Law of Conservation of Energy applied to tomatoes and Bitcoin value.

This seems to be one of the sources of misunderstanding, from nocoiners (the honest ones at least).

“If you buy Bitcoin, you have nothing to show, except Bitcoin. And Bitcoin’s only use is being sold back for real money.”

For example, this tweet:

Unlike when you buy a tomato which you can eat or transform or resell, you can’t eat Bitcoin, nor make sauce with it. So, it seems you would *only* buy it to resell it.

But Bitcoin is not a tomato, nor is it gold, even. It is unique because it is its own category.

Compare it with the Swiss Franc. It has no actual use in the US, yet it is valuable and useful every day in Switzerland. Most people don’t *buy* CHF, they get it as payment from doing business or as salary for example.

But some US people do, for traveling in Switzerland.

CHF becomes for them a commodity, a product they buy with their US$. Like a tomato. Which they will later use as money.

It’s not forex trading. Nor speculation. It’s definitely not a Ponzi.

When they come back home they will sell them back for US$.

Still not forex trading.

The mechanism is exactly the same as forex trading. Which is for profit only, but the context is different.

If the exchange rate is lower when they return, they didn’t “make a bad bet”, neither was it a “good investment” if the rate is higher.

Some traders *are* speculating on forex. For them, the goal is to make a profit.

But their business doesn’t necessarily imply that *all* currency exchange is only for profit speculation.

“But CHF can be used to buy stuff! Bitcoin can’t!”

As I said, Bitcoin is its own category. Money is only one part of it. To take another angle, it is also comparable to gold.

There is gold speculation and trading, but also many people around the world are using gold for saving.

And not many people buy food or make their own jewelry or cables with bank-bought 10 grams ingots…

When you “buy” Bitcoin, you are not buying the representation of something else, you are exchanging one source of value (eg US$) into another. You have something to show for it.

Bitcoin *is* the product, and the cash, and the real estate. Bitcoin *is* the value.

Some places on Earth still use salt as money and store of value. Salt in my cupboard isn’t money, yet it *does* represent the cash spent to buy it.

Like in thermodynamics, value is transformed.

Going back to the tomato. When the sun’s energy & rain water transform into tomato flesh, they don’t exist separately anymore, but the tomato wouldn’t exist without them. The farmer who harvested it spent time and effort. They also transformed.

The end product has a value.

We can’t say the tomato merchant is a speculator, or a scammer, or a gambler. Their business is to sell tomatoes to others for a profit yet it’s not a Ponzi. And the buyers are not considered scam victims.

Merchants are not Ponzi scammers. Neither are savers. Nor speculators.

“Yes but the end-user can eat it! No one can eat Bitcoin!”

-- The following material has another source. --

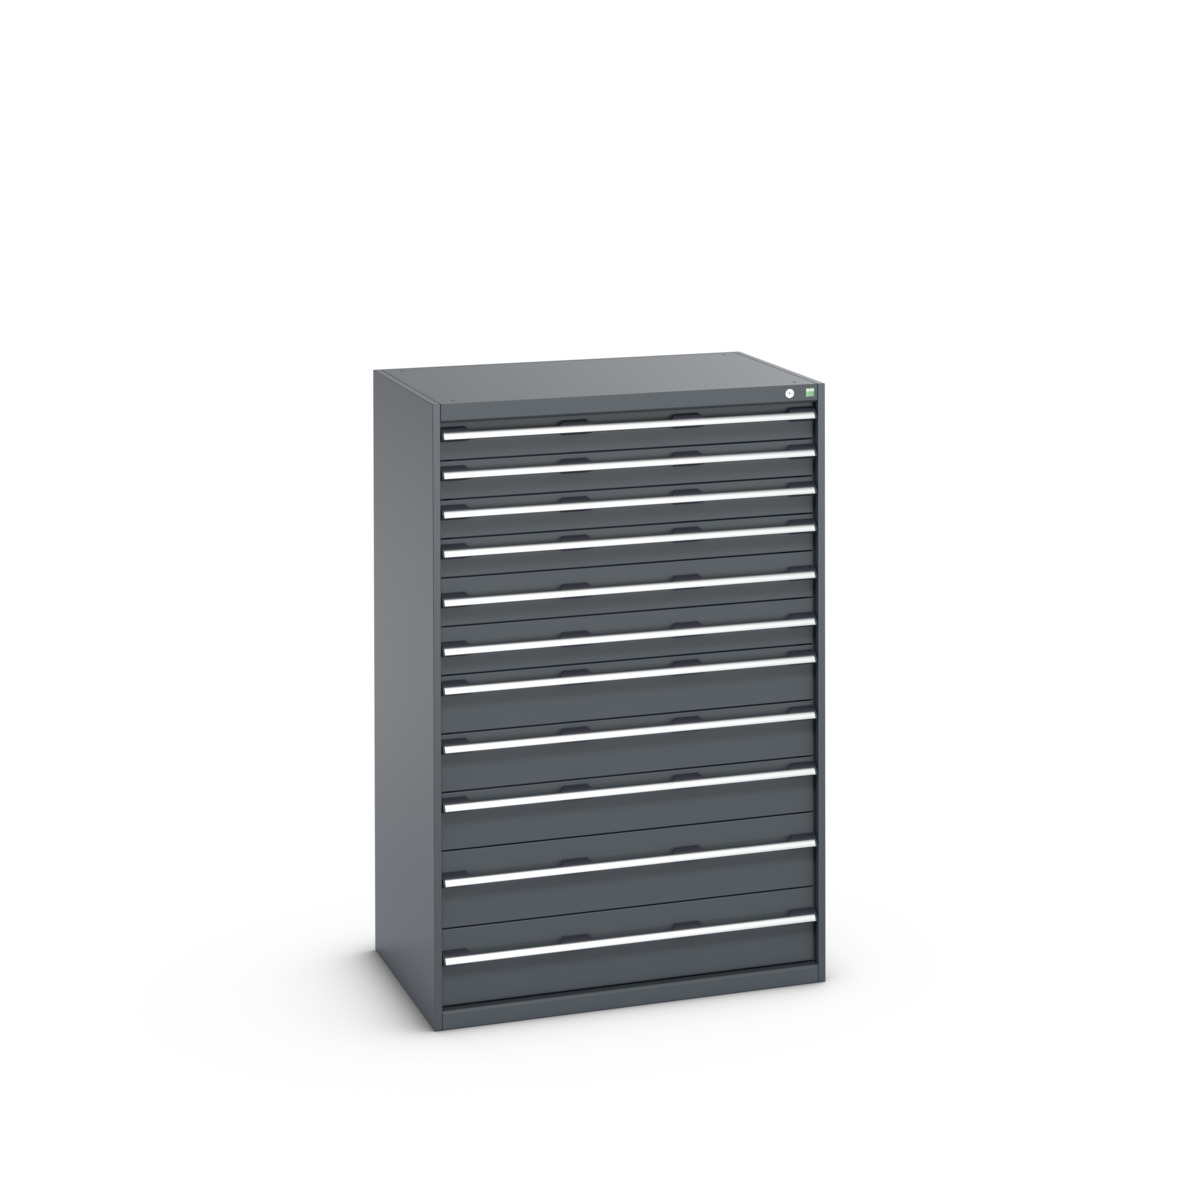 40029038.77V - cubio drawer cabinet

Sure, but the merchant didn’t eat anything. They merely bought to resell.

“Yes but they bought a real thing, not thin air like Bitcoin!”

Actually, they bought sunshine, water, time, and labor (+ farmer’s profit).

The value of the tomato is not the original seed. Are any of these elements still visible? Yet they transformed into that transmissible item and its value.

The merchant doesn’t need sunshine and the end-user doesn’t want water.

This tomato is not a Ponzi. Neither is Bitcoin.

As for the “everyone cashing out” argument, it can of course be applied to fractional reserve banking at the mercy of a bank run. If 20% of the money in the bank was requested to be withdrawn by their customers the system would collapse.

But it’s even simpler than that:

If no one wants to eat tomatoes suddenly, there will be some people invested in the tomato business (producers, merchants…) who would lose money. Maybe go bankrupt. Tomatoes are still not a Ponzi.

And as for the “$600 B is a 100% imaginary number”.

2019 world tomato production was 37.38 million mT.

How can we calculate the total value of this business? Should we use market price at sale, or price of seeds + sunshine + water + work-hours?

Say $600 B entered this tomato market, merchants would obviously not keep the US$ in cash as collateral, but instead would pay their bills & expenses.

US$ value has been *transformed* into tomato value.

Does it mean “tomatoes have no value because there is no collateral cash”?

To sum up, many nocoiners are dishonest trolls, but it seems some are genuinely confused by the unique nature of Bitcoin.

You may dislike speculation, its dematerialized nature, and ignore people who suffer from hyperinflation, but it’s still transformed value, not a Ponzi.